The charges were leveled against Sen. Flavio Bolsonaro and 16 others on Oct. 19, according to a statement the public prosecutors’ office posted on its website Wednesday. Prosecutors allege the senator had people on his government-funded payroll who weren't required to work and who had to return part of their salaries to him.
The senator denied having committed any crime and said he was confident that courts wouldn’t accept the charge, according to a message he posted on his verified Instagram account.
The accusation is "inviable because it is devoid of any hint of proof. It's nothing more than a macabre and badly engineered tale,” one of his four lawyers, Rodrigo Roca, said in a statement.

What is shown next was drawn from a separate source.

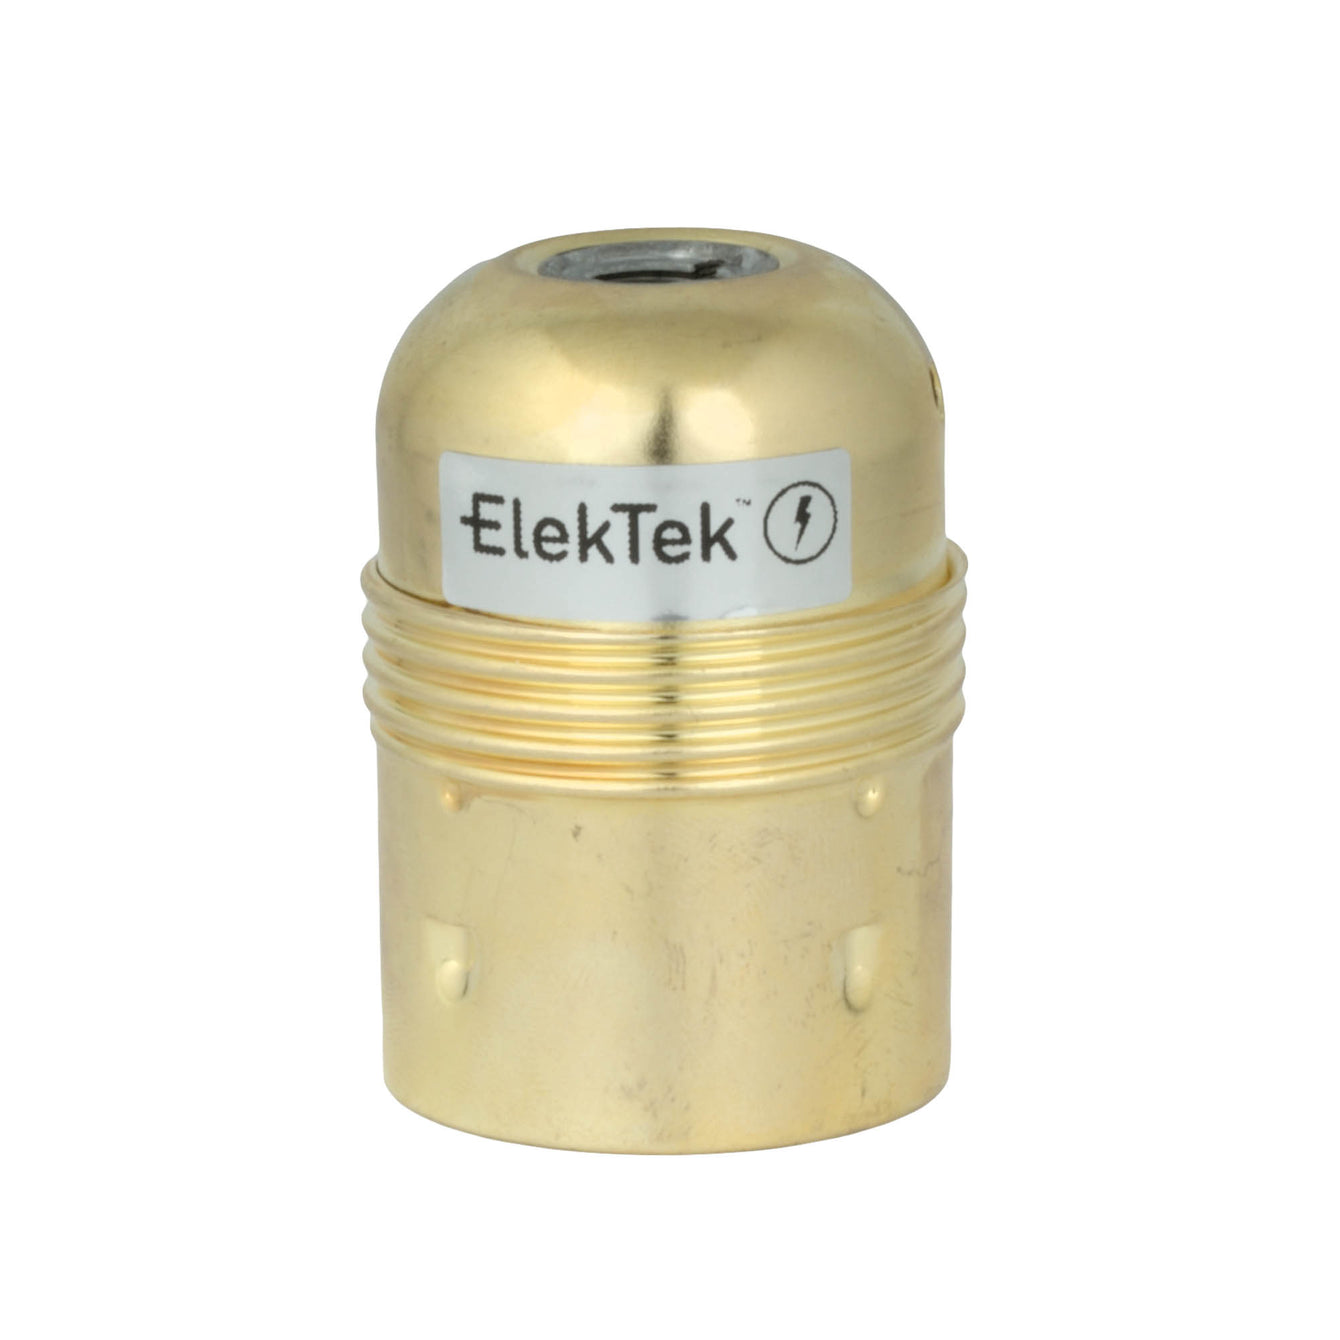 ElekTek ES Edison Screw E27 Economy Lamp Bulb Holder With Cord Grip Plain Skirt Brass and Nickel Plated Steel - Buy It Better Nickel

Jair Bolsonaro was elected in 2018 on a wave of anti-corruption sentiment and with promises to root out crime.
His crimefighting bona fides have faced skepticism in light of the investigation into his sons, as well as the resignation of his former Justice Minister Sergio Moro, who quit and alleged that the president had sought to intervene inappropriately in the federal police.
Prosecutors also charged Fabricio Queiroz, Sen. Bolsonaro’s former driver, who was arrested in June. Queiroz is a longtime friend of President Bolsonaro, who said last year that the two hadn’t spoken since the allegations surfaced. Police found Queiroz hiding out at a home belonging to a man who was previously a lawyer for both the president and Sen. Bolsonaro.